An ugly story – Chrystal River nuclear plant – a national financial headache
Utility companies pass those costs onto their customers, making
Crystal River’s failed do-it-yourself maintenance project a nationwide
responsibility…… And Crystal River isn’t the only concern. Most of
the 104 reactors in the United States were built in the 1970s and
early 1980s. They are starting to show their age, a fact that is
adding additional pressure to NEIL’s bottom line.
The insurance company is processing claims from American Electric
Power’s nuclear station in Bridgman, Mich., the South Texas Nuclear
Project and California’s San Onofre nuclear power station.
Adding in Crystal River, NEIL and its member utilities — and by
extension their customers — are potentially looking at a huge
financial hit. ” This,” said Cooper, the economist, “is an ugly story.”

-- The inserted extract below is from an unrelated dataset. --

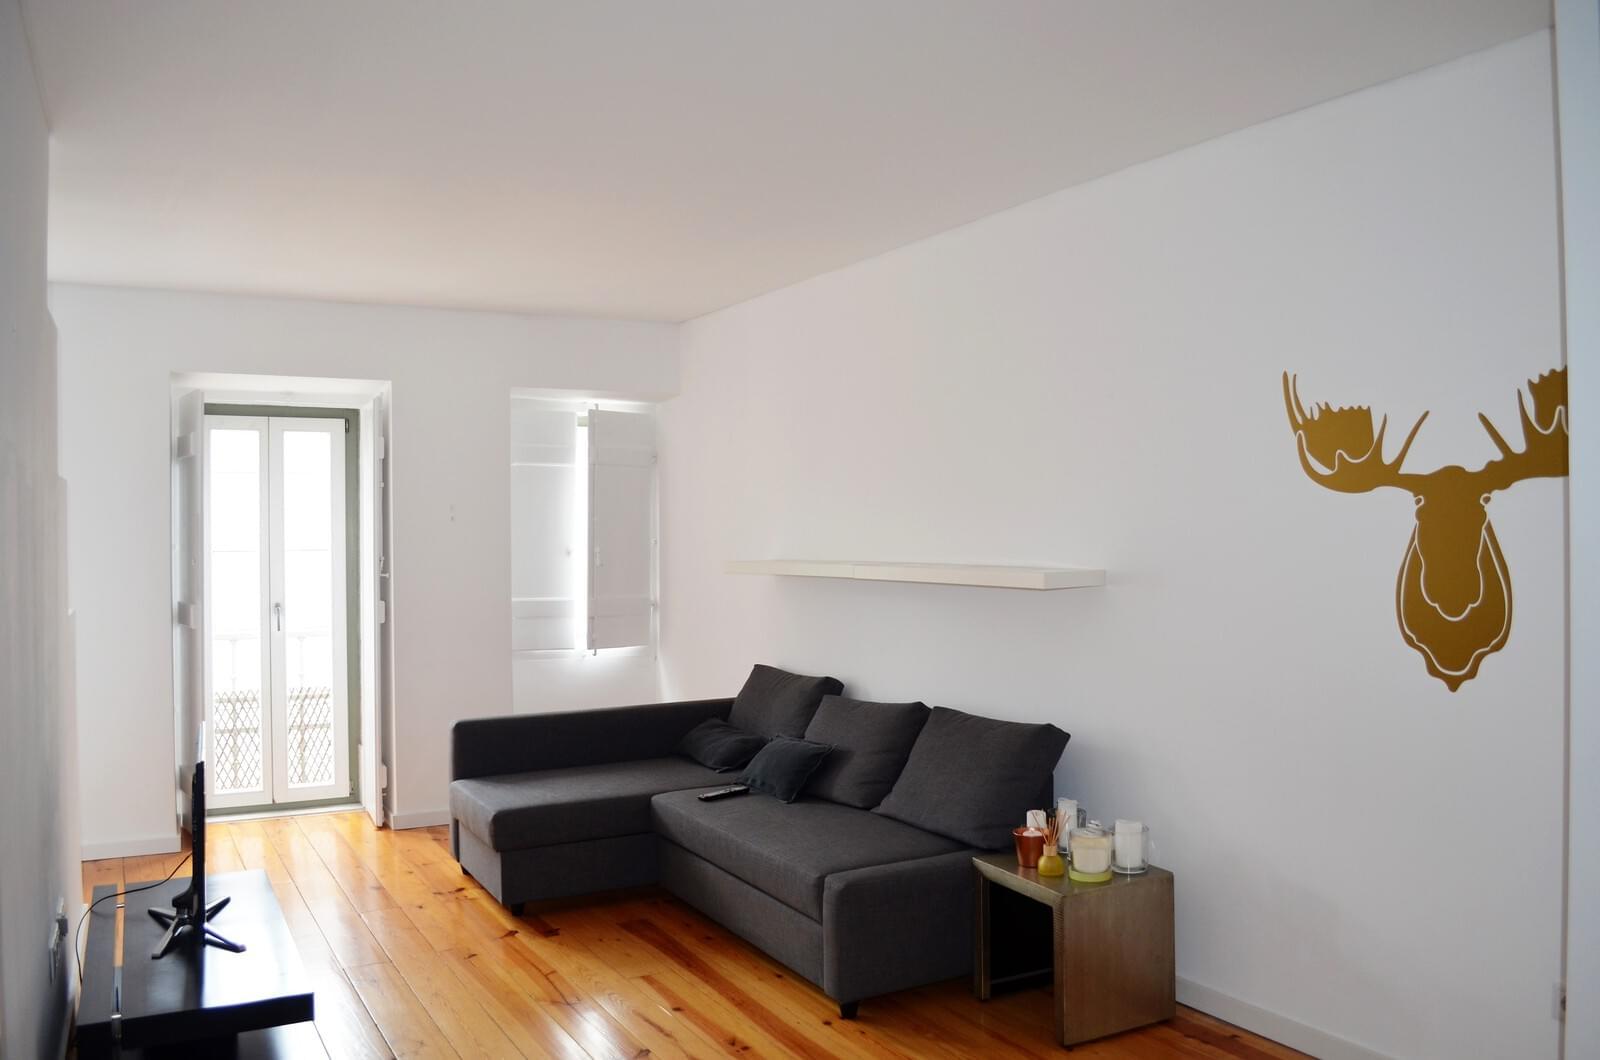 pf17785-apartamento-t1-lisboa-a894fdfa-465a-4ae2-b35f-ebc1f61c7f40

Progress Energy Shares the Costly Pain of a Fix at Nuclear Power
Plant, News Chief.com By IVAN PENN TAMPA BAY TIMES, January 2, 2013
The crippled Crystal River nuclear plant, owned by Progress Energy, is
now America’s headache. The bill to fix it and pay for replacement
power may top $5 billion. The problem?
The company that insures all 104 U.S. nuclear power plants has just
$3.6 billion on hand to pay for claims.
Broken nuclear plants in California, Texas and Michigan will vie for
some of that money. But Crystal River alone represents such a
financial threat that the insurance company, Nuclear Electric
Insurance Ltd., may demand that its member utilities pony up more
money. And it could be a lot more — and quickly. NEIL is allowed to
raise as much as $2 billion from its members in just 20 days, said
insurance rating and information agency A.M. Best Co. Inc., in a
recent report on the insurer.
NEIL has remained mum on how it will proceed, but it has acknowledged
that the damaged Crystal River plant is one of the industry’s
“high-visibility events” along with, among others, Japan’s Fukushima
Daiichi nuclear disaster. It is also the largest claim in NEIL’s
30-year history.
“The Crystal River … damage clearly is a significant matter for
Progress Energy, and is a potentially material claim for NEIL,” the
Bermuda-based insurer noted. The company added that there remains
“substantive financial uncertainty stemming from the ongoing review of
the Crystal River claim.” Mark Cooper, senior research fellow for
economic analysis at the Institute for Energy and the Environment at
Vermont Law School, viewed NEIL’s assessment as ominous……
At stake is the future of Progress Energy Florida’s sole nuclear
plant….. Progress and its new parent company, Duke Energy, must
decide whether to repair the plant or permanently shut down the
reactor……..
Duke Energy became so troubled about Crystal River that the utility
cited the broken plant as one of the reasons the company fired former
Progress Energy CEO Bill Johnson just hours after he took control of
the merged companies on July 2. The utility’s board members said they
had a “loss of confidence” in Johnson in part because of the handling
of the nuclear fleet.
Arnie Gundersen, a nuclear engineer who serves as an expert witness on
utility matters before state and federal regulators, said he cannot
see NEIL paying the full tab for repairs or replacement power on the
plant.
“I don’t think they want to establish the precedent,” Gundersen said,
“of paying for one member’s screwup.”…… As a mutual insurance
company, NEIL’s members agree to cover each other in the event of a
catastrophe. NEIL, which formed in 1980 in response to the Three Mile
Island disaster and later merged with an older nuclear insurer,
Nuclear Mutual Limited, can draw on the owners of all 104 nuclear
plants in the United States…… NEIL could also charge the power
companies hundreds of millions more to cover any shortfall the insurer
faces from claims.
Every utility insured by NEIL agrees to pay as much as 10 percent of
its annual premiums to cover claims that exceed NEIL’s available cash.
Those payments can reach a total of $2 billion, based on premiums
power companies pay, A.M. Best stated in its report on NEIL.
SHIFTING COSTS
Utility companies pass those costs onto their customers, making
Crystal River’s failed do-it-yourself maintenance project a nationwide
responsibility…… And Crystal River isn’t the only concern. Most of
the 104 reactors in the United States were built in the 1970s and
early 1980s. They are starting to show their age, a fact that is
adding additional pressure to NEIL’s bottom line.
The insurance company is processing claims from American Electric
Power’s nuclear station in Bridgman, Mich., the South Texas Nuclear
Project and California’s San Onofre nuclear power station.
Adding in Crystal River, NEIL and its member utilities — and by
extension their customers — are potentially looking at a huge
financial hit.
” This,” said Cooper, the economist, “is an ugly story.”